Pattern 1 — Drop a PDF into the standard pipeline

The simplest case. You have a file, you want Nuntiq to process it the same way it processes emailed invoices. Nuntiq runs OCR, picks a template, extracts fields, runs validation + enrichment, ends up with a fully-processed invoice at status 100 (or whichever stop you configure).
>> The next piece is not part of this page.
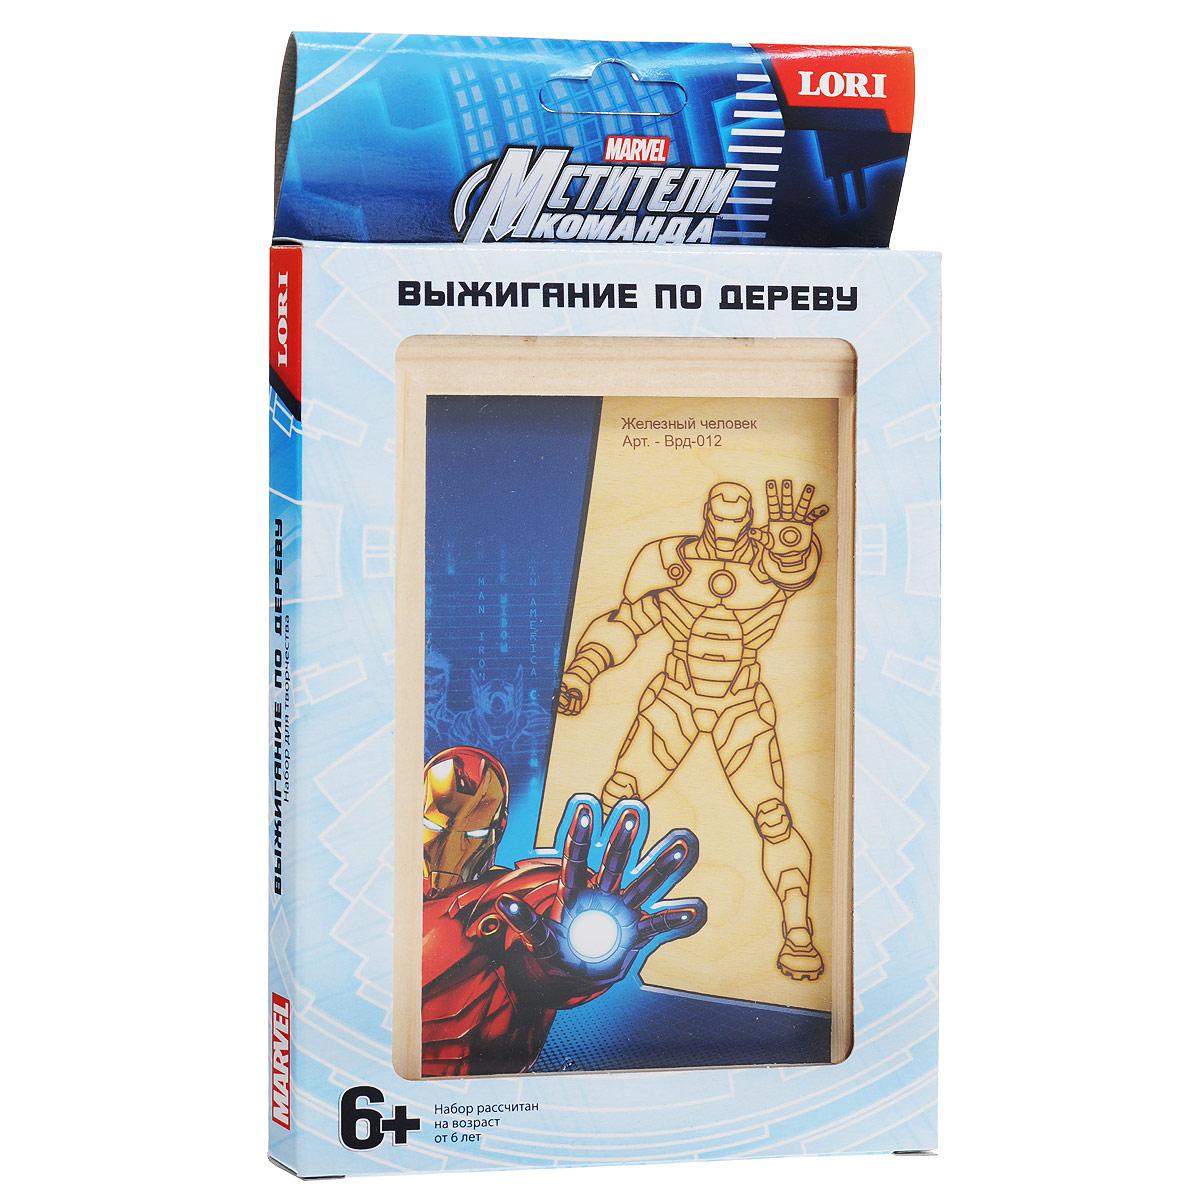 """Картина для выжигания по дереву Lori """"Мстители: Железный человек"""" позволит вам и вашему ребенку создать собственный шедевр. В комплект входит деревянная основа с нанесенным контуром рисунка, деревянная рамка, которой можно оформить законченную работу и подробная инструкция на русском языке. Соблюдая осторожность, проведите нагретым прибором для выжигания по контуру рисунка, и он оставит след на поверхности дерева. Немного терпения - и ваш ребенок сможет своими руками создать картину в технике пирографии. Декоративное выжигание - одно из популярных ремесел, глубоко связанное с традициями русского народного творчества. Выжигание развивалось параллельно с резьбой, точением, мозаикой и живописными работами по дереву, нередко дополняя эти виды искусства или выступая самостоятельно. Выжигание по дереву понравится и взрослым, и детям. Это не только увлекательное, но и полезное занятие - выжигание поможет детям развить усидчивость, внимательность, мелкую моторику и..."""
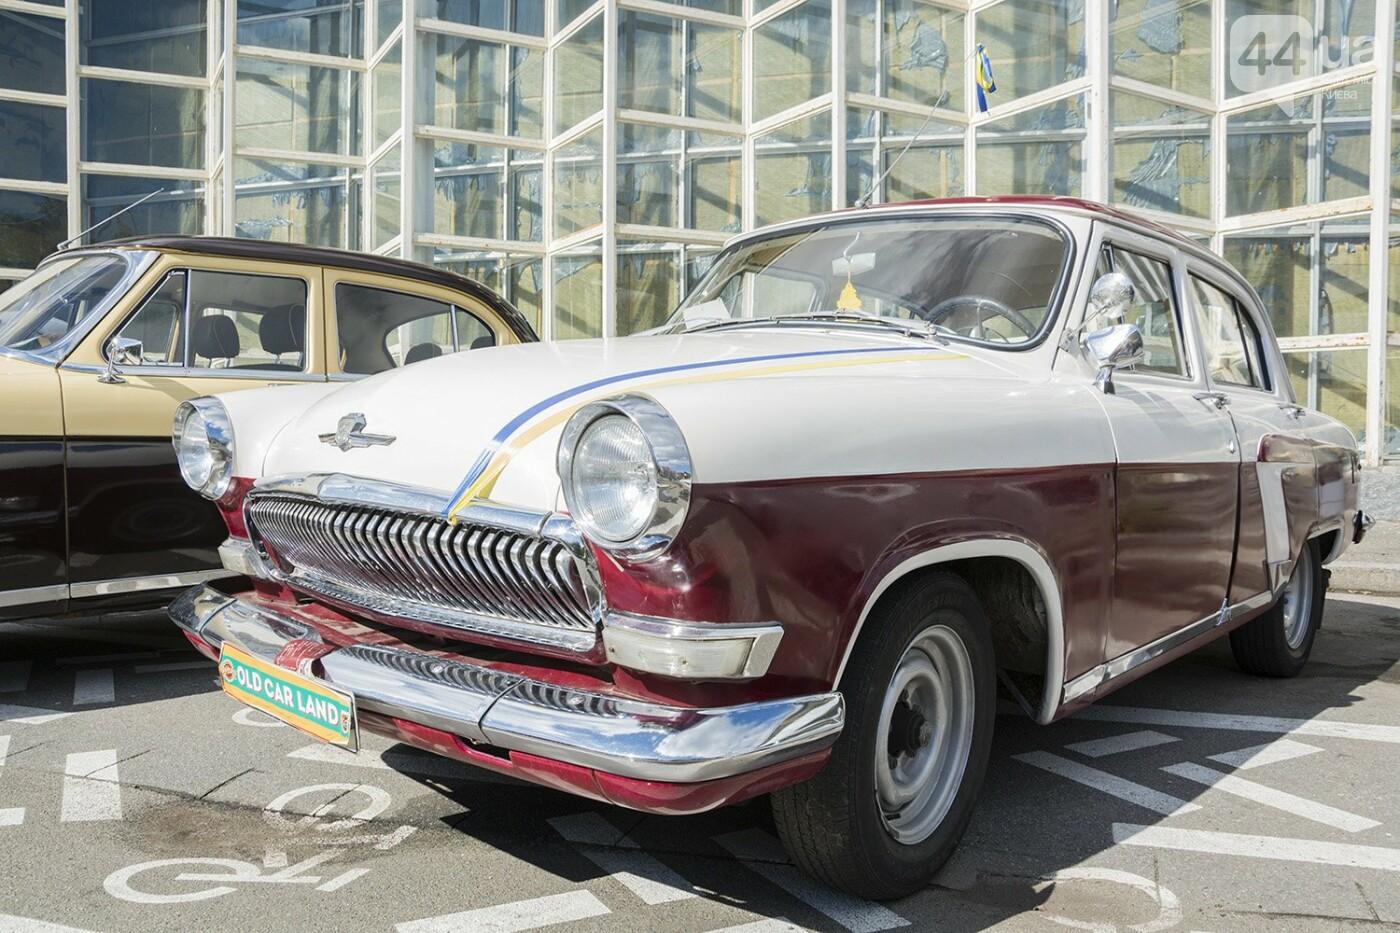 Old Car Land-2018: как прошел крупнейший автомобильный ретро-фестиваль Украины, - ФОТО, ВИДЕО, фото-18

connectors/pull_supplier_portal_invoices.py
"""Pull invoice PDFs from a supplier portal and ingest them."""
import requests

from lib.objects.ingestion import IngestionLoad


def run(context):
portal_url = context.get_config('portal_url')
api_token = context.get_secret('portal_api_token')
receiving_inbox = context.get_config('receiving_inbox') # e.g. 'invoices@acme.apreceiving.com'

ingest = IngestionLoad(context)

# Fetch the list of new invoices from the supplier portal
headers = {'Authorization': f'Bearer {api_token}'}
resp = requests.get(f'{portal_url}/new-invoices', headers=headers, timeout=30)
resp.raise_for_status()

uploaded = 0
for inv in resp.json()['invoices']:
# Download the PDF
pdf_resp = requests.get(inv['pdf_url'], headers=headers, timeout=60)
pdf_resp.raise_for_status()

# Ingest
result = ingest.ingest_pdf(
filename=inv['filename'],
content=pdf_resp.content,
receiving_inbox=receiving_inbox,
supplier_code=inv.get('supplier_code'),
)

context.logger.info(
f"Ingested {inv['filename']} → source_document_id={result.source_document_id}",
step='ingest',
detail={'supplier_code': inv.get('supplier_code')},
)
uploaded += 1

return {'uploaded': uploaded}

What receiving_inbox does

It's the address Nuntiq uses for template lookup. Different receiving inboxes can map to different templates — e.g. xml@acme.apreceiving.com might use a structured-data template, invoices@acme.apreceiving.com uses the standard OCR template. Default to your customer's primary inbox unless you have a specific routing reason.

Hints

  • company_code and supplier_code are both optional. Pass them when you know — the worker uses them to skip the AI-match step for those fields.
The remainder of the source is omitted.